The neutraloids grappled with the armored Highborn. He squeezed the head of one, killing it. Then vibroknives entered his armor, and one smashed into his guts. He staggered, and he crashed onto the deckplates.

The remaining neutraloids howled with glee. Then the three grinned down at the fallen Highborn.

“Fools,” the Highborn said.

One of the neutraloid slapped his chest. “I am Heydrich Hanson.” He couldn’t say more. Instead, Hanson screamed in high-pitched rage. So did the others.

They tore the last Highborn before the fusion cores out of his armor. They tore him out and began to beat him to death.

-20-

“It’s too late, Commodore,” the targeting officer said. “If the Doom Star hadn’t rotated to a relatively undamaged particle-shield, we would have killed it. Unless the cyborgs are going to do something…”

Blackstone stared down at the map-module. On the holographic display, two huge Doom Stars appeared like vast planets. They moved into position above and below the most damaged Doom Star. Blackstone gripped the map-module’s steel-gleaming sides and willed the first Doom Star to die. What had happened to the cyborgs and their stealth attacks? He had five battleships left and one missile-ship. He couldn’t lose an entire SU Battlefleet and not even kill a single Doom Star. Were the Highborn that much better than regular humans and cyborgs?

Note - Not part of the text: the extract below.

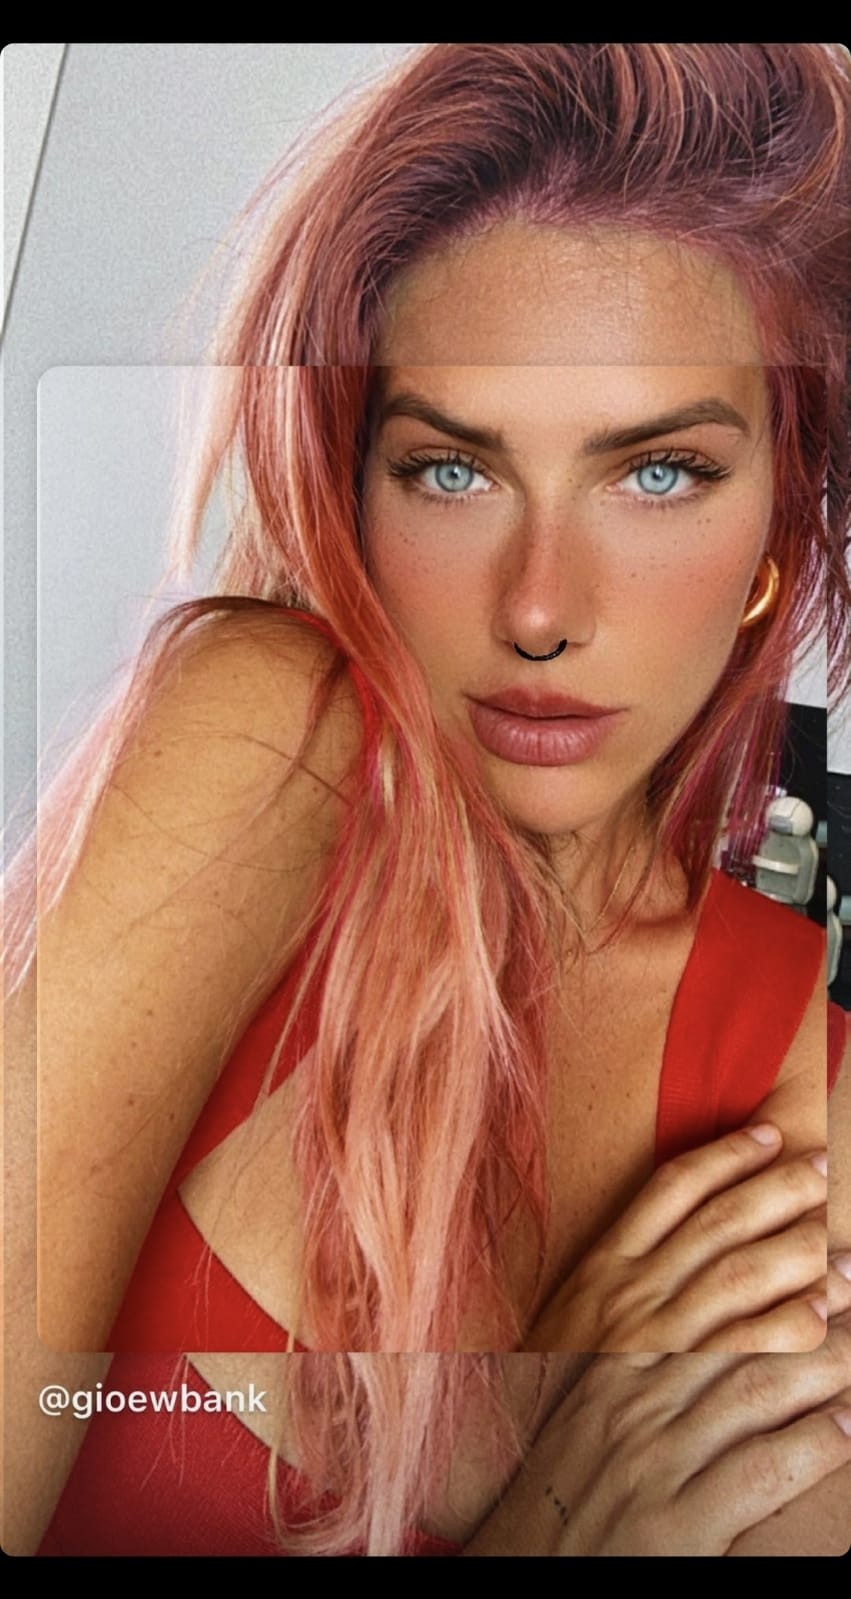 Gio Ewbank de cabelos cor-de-rosa (Foto: Reprodução/Instagram)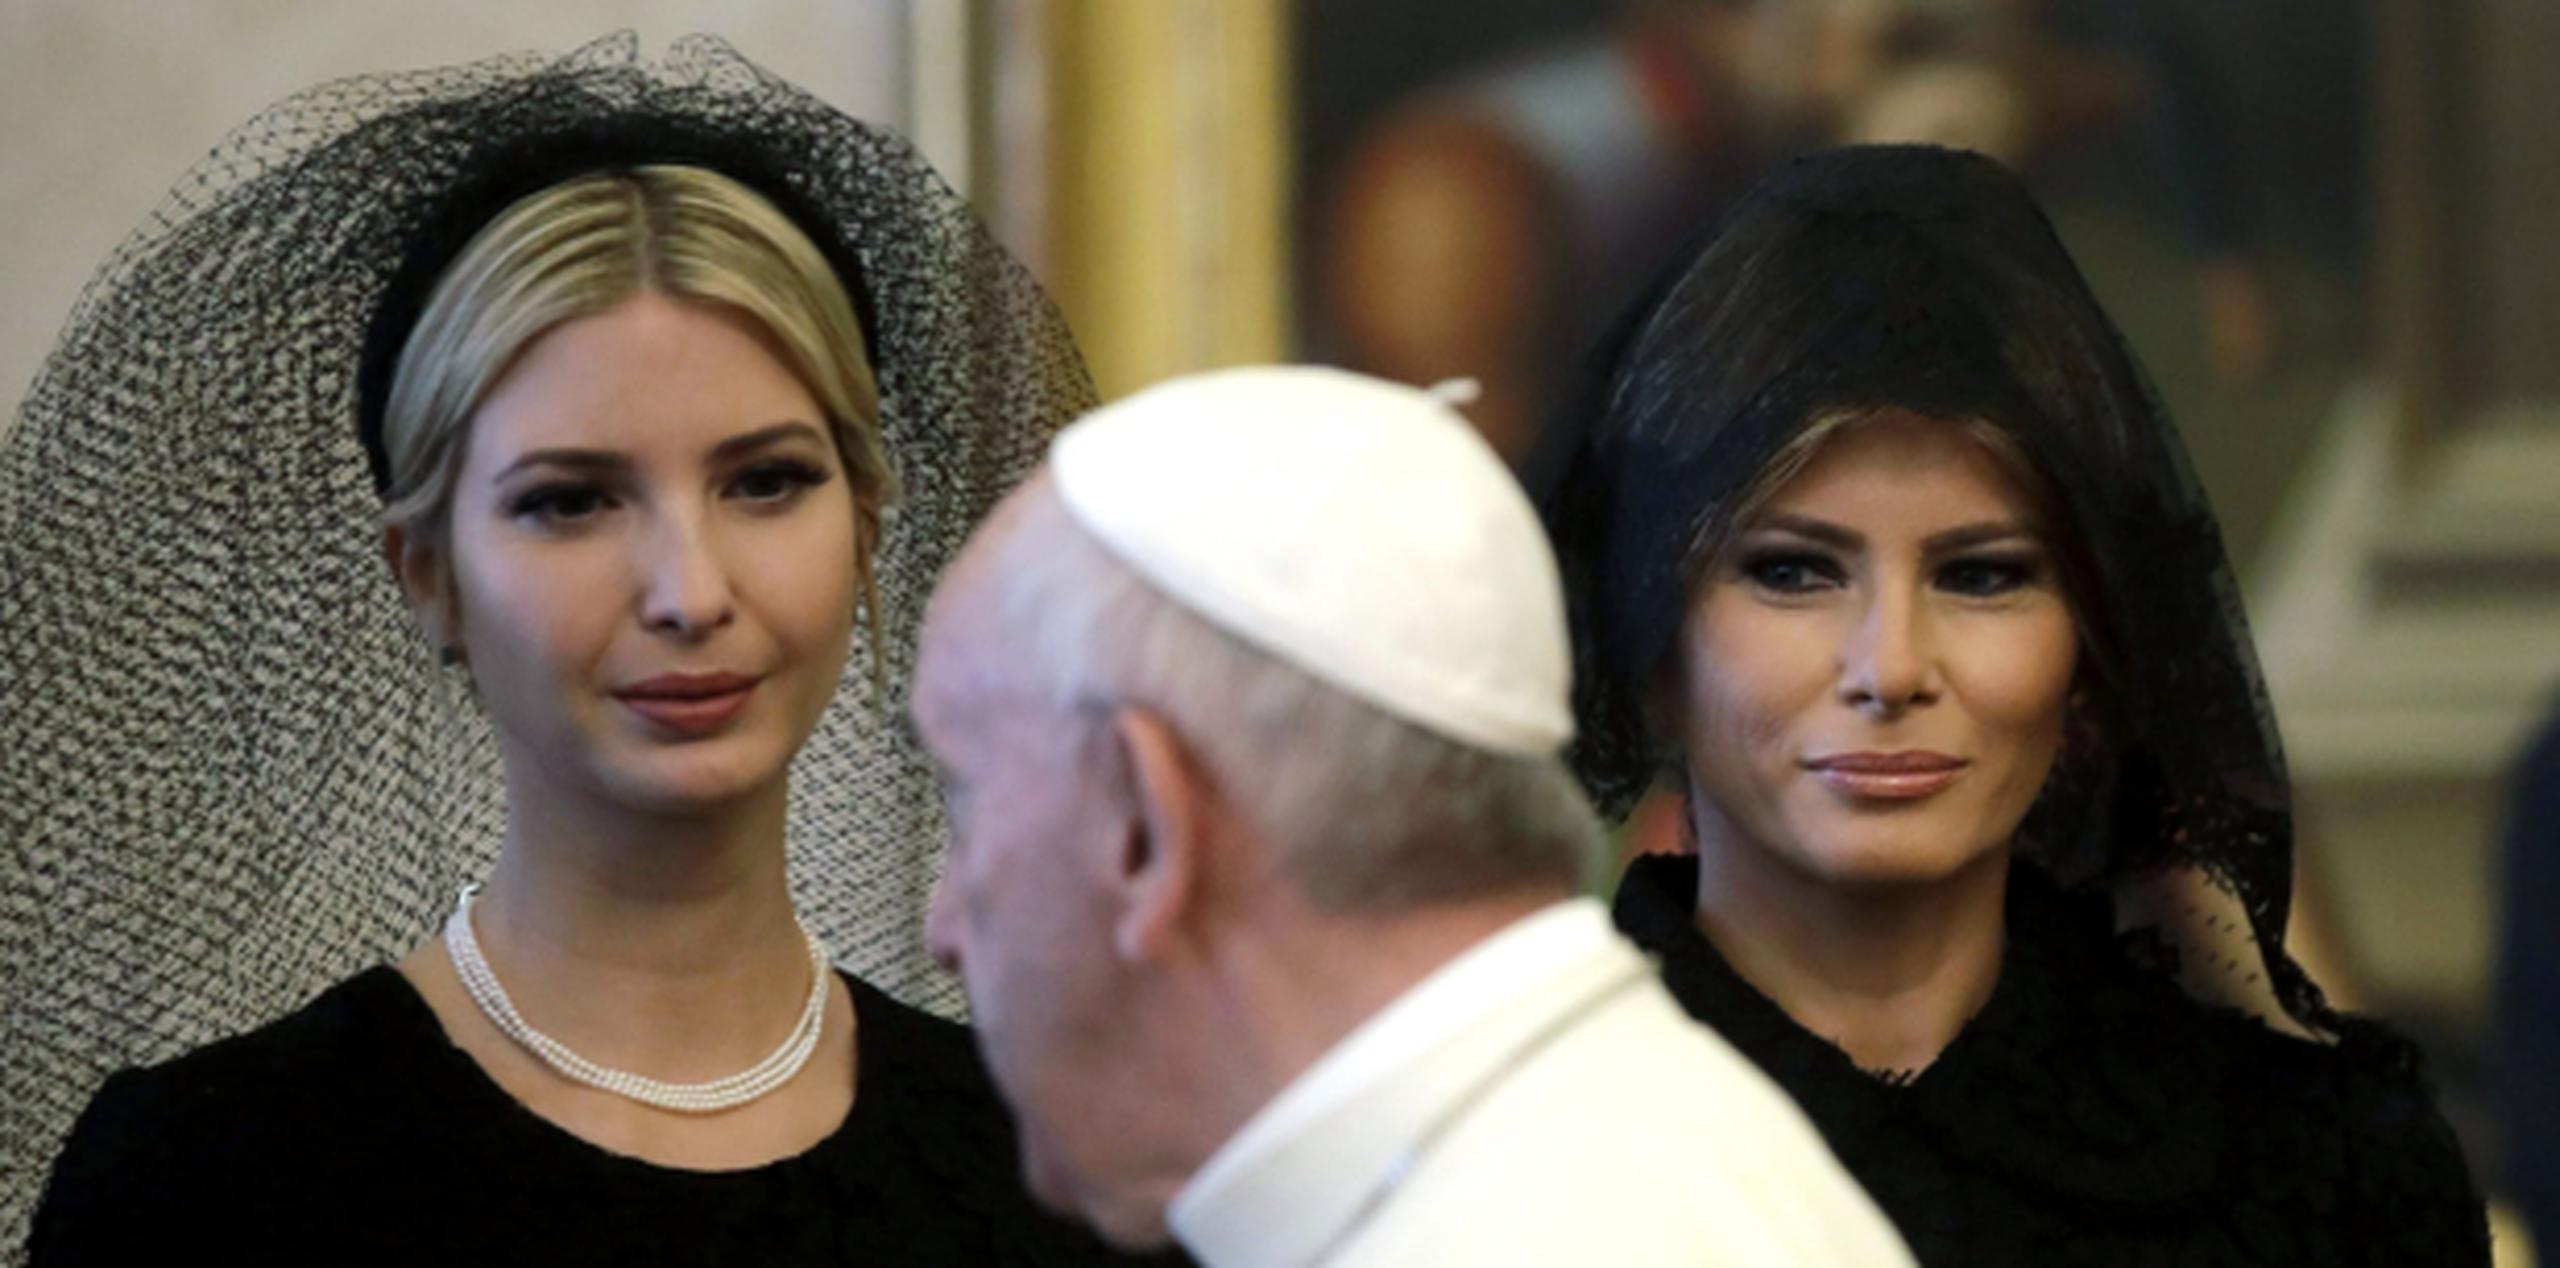 En una audiencia con el papa, solo pueden ir vestidas de blanco las reinas, las reinas consortes o princesas católicas. (EFE / Alessandra Tarantino / Pool)

Blackstone’s gut churned with the knowledge of defeat. He had been given the solemn task of halting the Highborn, and he had failed miserably and totally. The Solar System belonged to the Highborn. The genetic super-soldiers would rule. The question now was how to die. Should he charge with the remnants of his fleet? Or should he take these last vessels and run to try to fight another day?

“Sir,” the communications officer whispered. “I’ve decrypted a strange message.”

“What is it?” Blackstone asked listlessly.

“The Highborn are broadcasting it openly, sir,” the communications officer said. “I think you should see this.”

“Put it on the map-module,” Blackstone said.

The images of the space battle wavered and Blackstone frowned. It looked like a cyborg in a fusion reactor area. The cyborg used a laser, beaming into delicate equipment.